The good society is the one that makes the daily conquest possible. That gives people the space and the tools to choose themselves. Not freedom from constraint only, but freedom to become.
Collectivism, whether fascist or communist, fails not because it’s the wrong tribe but because it forecloses this possibility. It tells you who you are. It chooses for you. The relief it offers is real (Fromm understood this), but the price is the self that would have done the choosing.
We oppose these systems not out of tribal loyalty to our own side but because we believe something about what human beings are for. We believe they’re for becoming. For using their powers. For the quiet joy that comes when the adult can love, plan, and create.
This is what we’re trying to build. This is what we’re trying to protect.
I notice that I haven’t done this well today.
I woke up and checked my phone before I was fully conscious. I read opinions I already agreed with. I felt the small satisfaction of having the right views without the effort of arriving at them. By the time I sat down to write, I was already in blind momentum, already coasting on yesterday’s choices.
The daily conquest is not something I’ve achieved. It’s something I fail at regularly and try to resume. The trying is the point. Goethe didn’t say “he only earns his freedom who conquers once.” He said daily. Each day. Anew.
There’s something strange in that word: anew. It suggests that yesterday’s conquest doesn’t carry over. That you can’t bank it. That freedom is less like a possession you accumulate and more like a fire you have to keep feeding or it goes out.
Maybe that’s why it’s so easy to lose. We expect that once we’ve figured things out, we can relax. We can coast on our previous clarity. But clarity fades. Choices calcify into habits. The self that was present yesterday can be absent today without anyone noticing, least of all you.

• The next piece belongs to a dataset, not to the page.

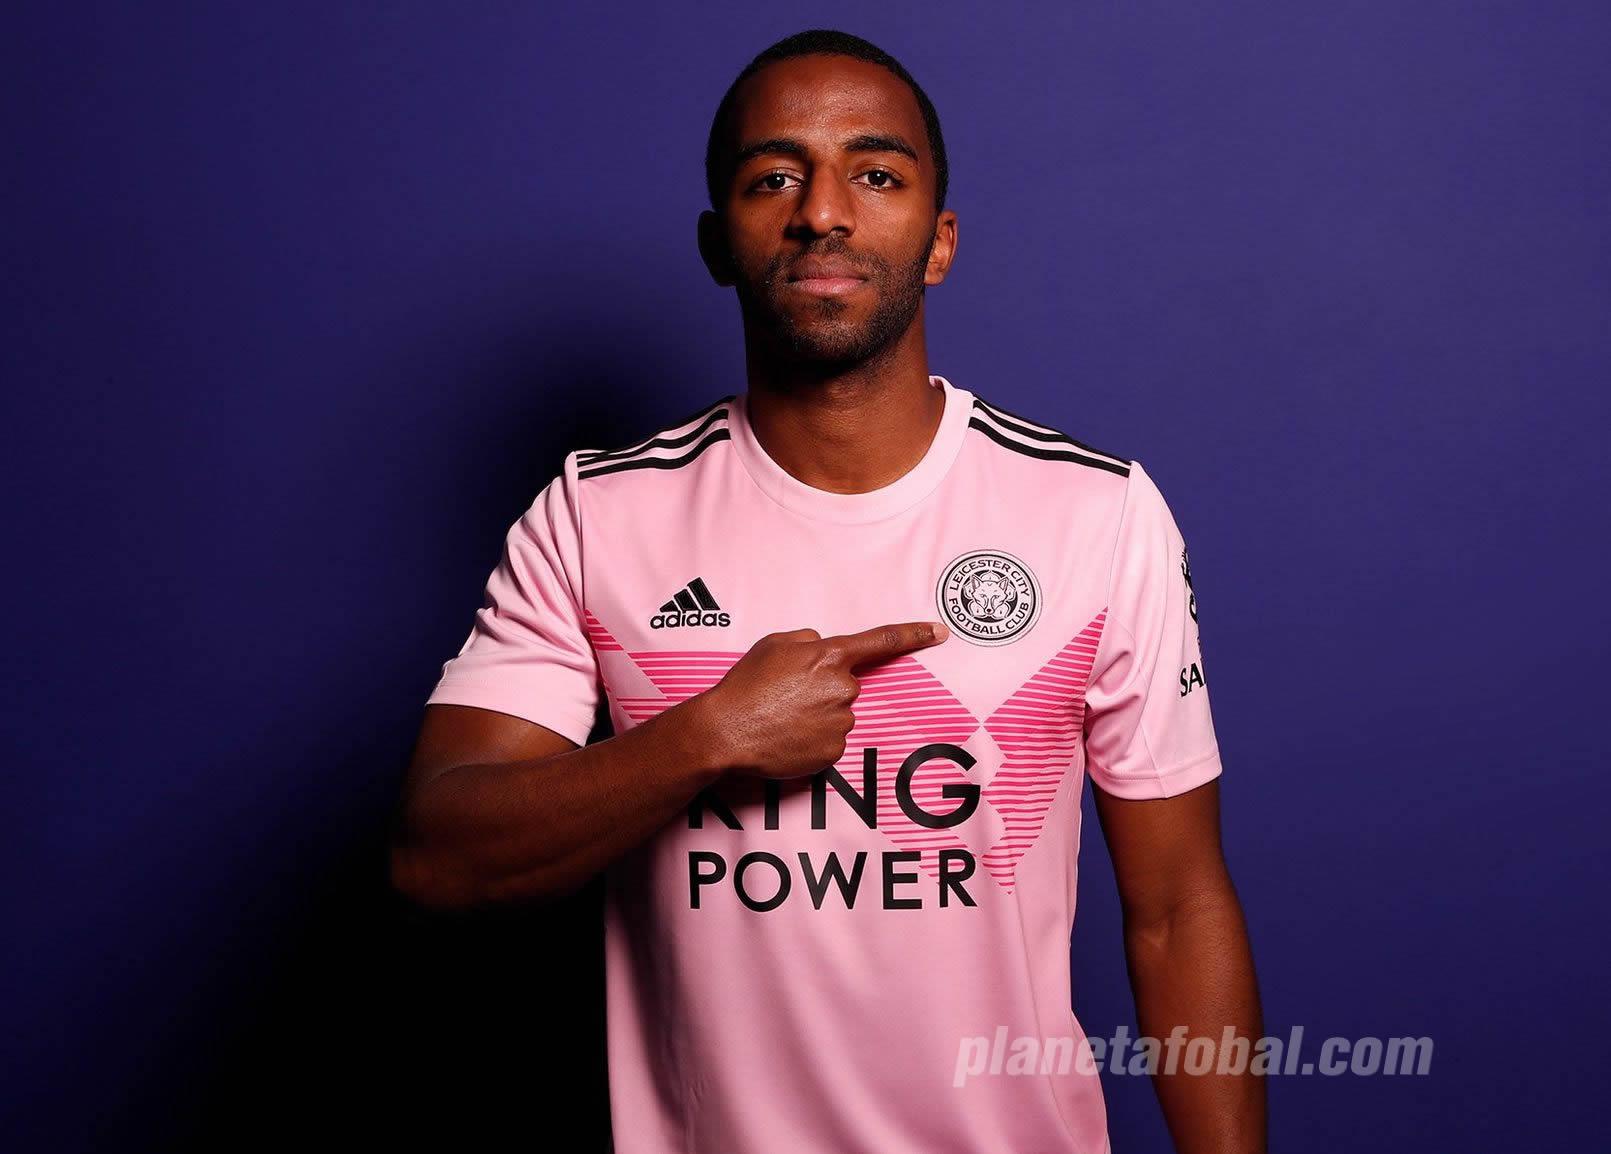 Camiseta Adidas rosa del Leicester City 2019/2020 | Imagen Web Oficial
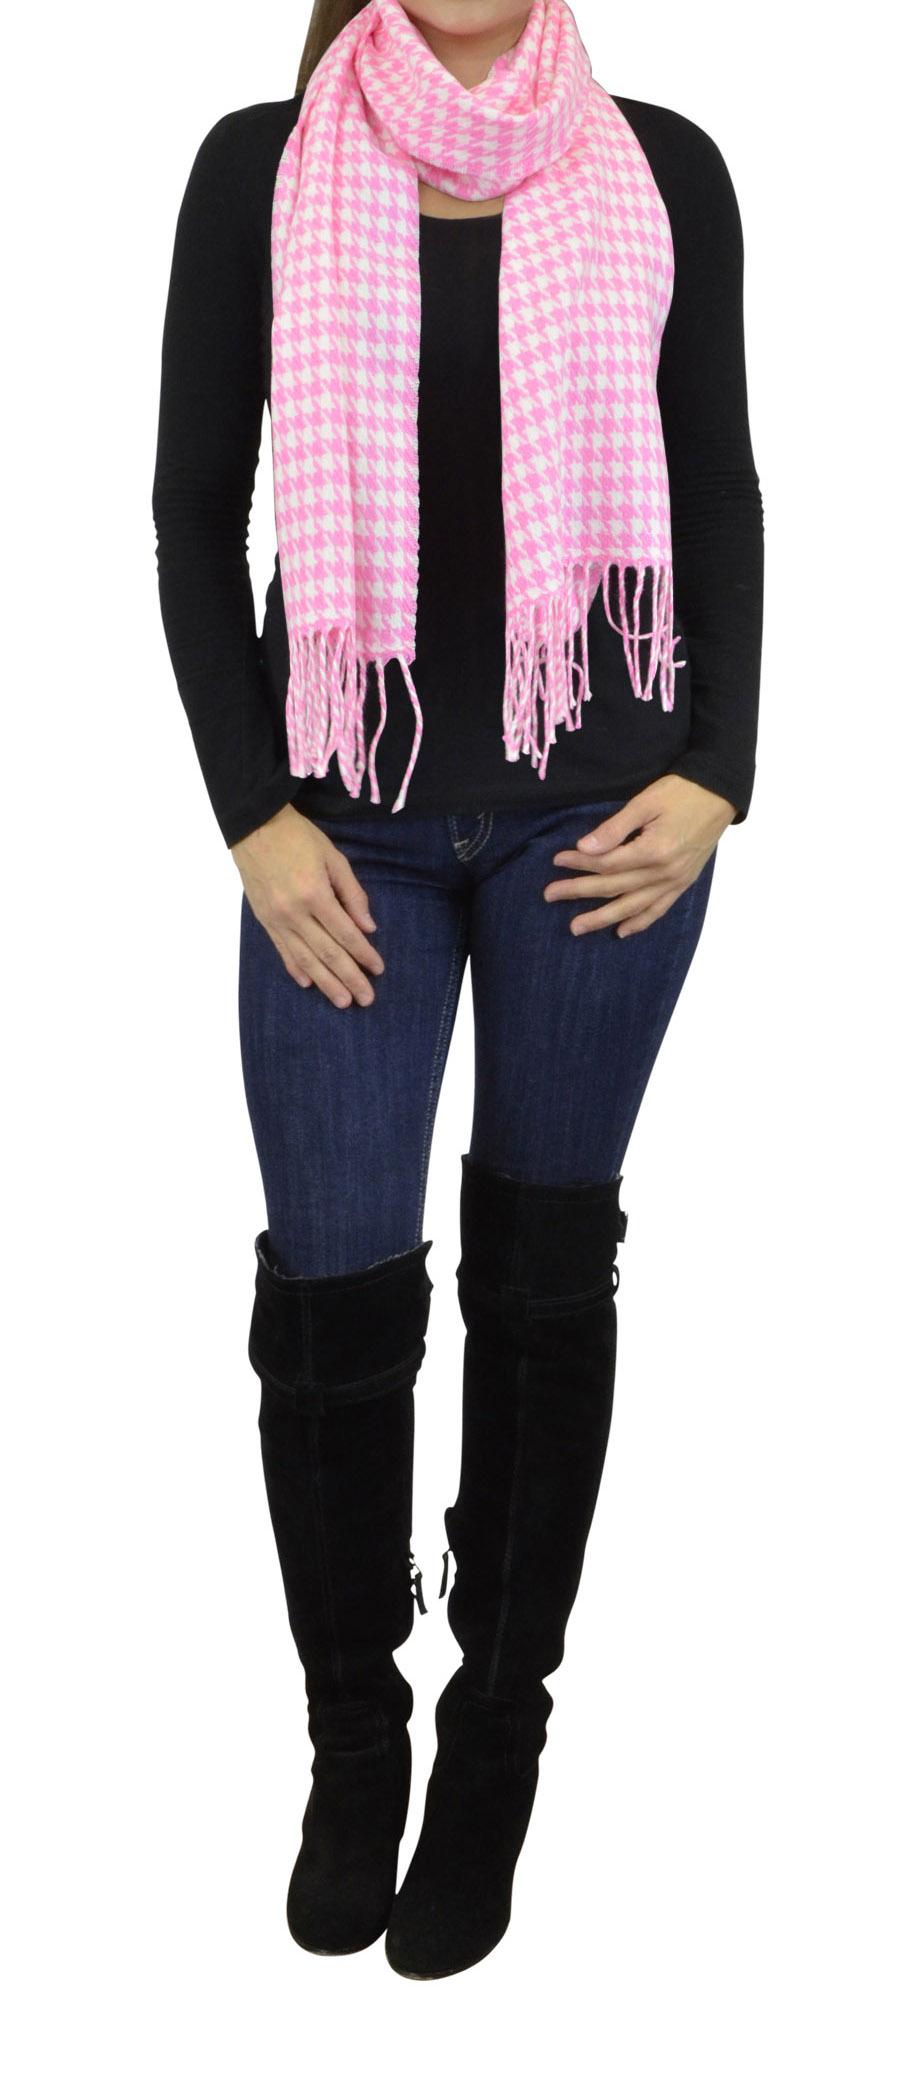 Belle Donne - Women Cashmere Feel Scarf Houndstooth Scarf Shawl Wrap 72x12 - Fuchsia

The only remedy is to begin again.
May saw patients in the 1950s who were materially comfortable and spiritually empty. They had achieved the external markers of success and felt nothing. They came to therapy not with dramatic symptoms but with a vague sense that something was missing, that their lives were not quite their own.
Seventy years later, I don’t think the problem has gotten smaller.
We have more freedom than any humans in history. More choices, more information, more paths available. And yet the blind momentum is everywhere. The tribal dialects, the ready-made opinions, the lives that happen by default. The escape routes are more numerous and more comfortable than ever.
But so is the possibility of joy. That hasn’t changed. The child still laughs when she learns to walk. The adult still feels the quiet satisfaction of using her powers well. The self that shows up, that chooses, that conquers anew, still has access to what May called “the profoundest joy to which the human being is heir.”
It’s available today. It was available yesterday, and I missed some of it. It will be available tomorrow.
Did you choose joy, today? There is still time.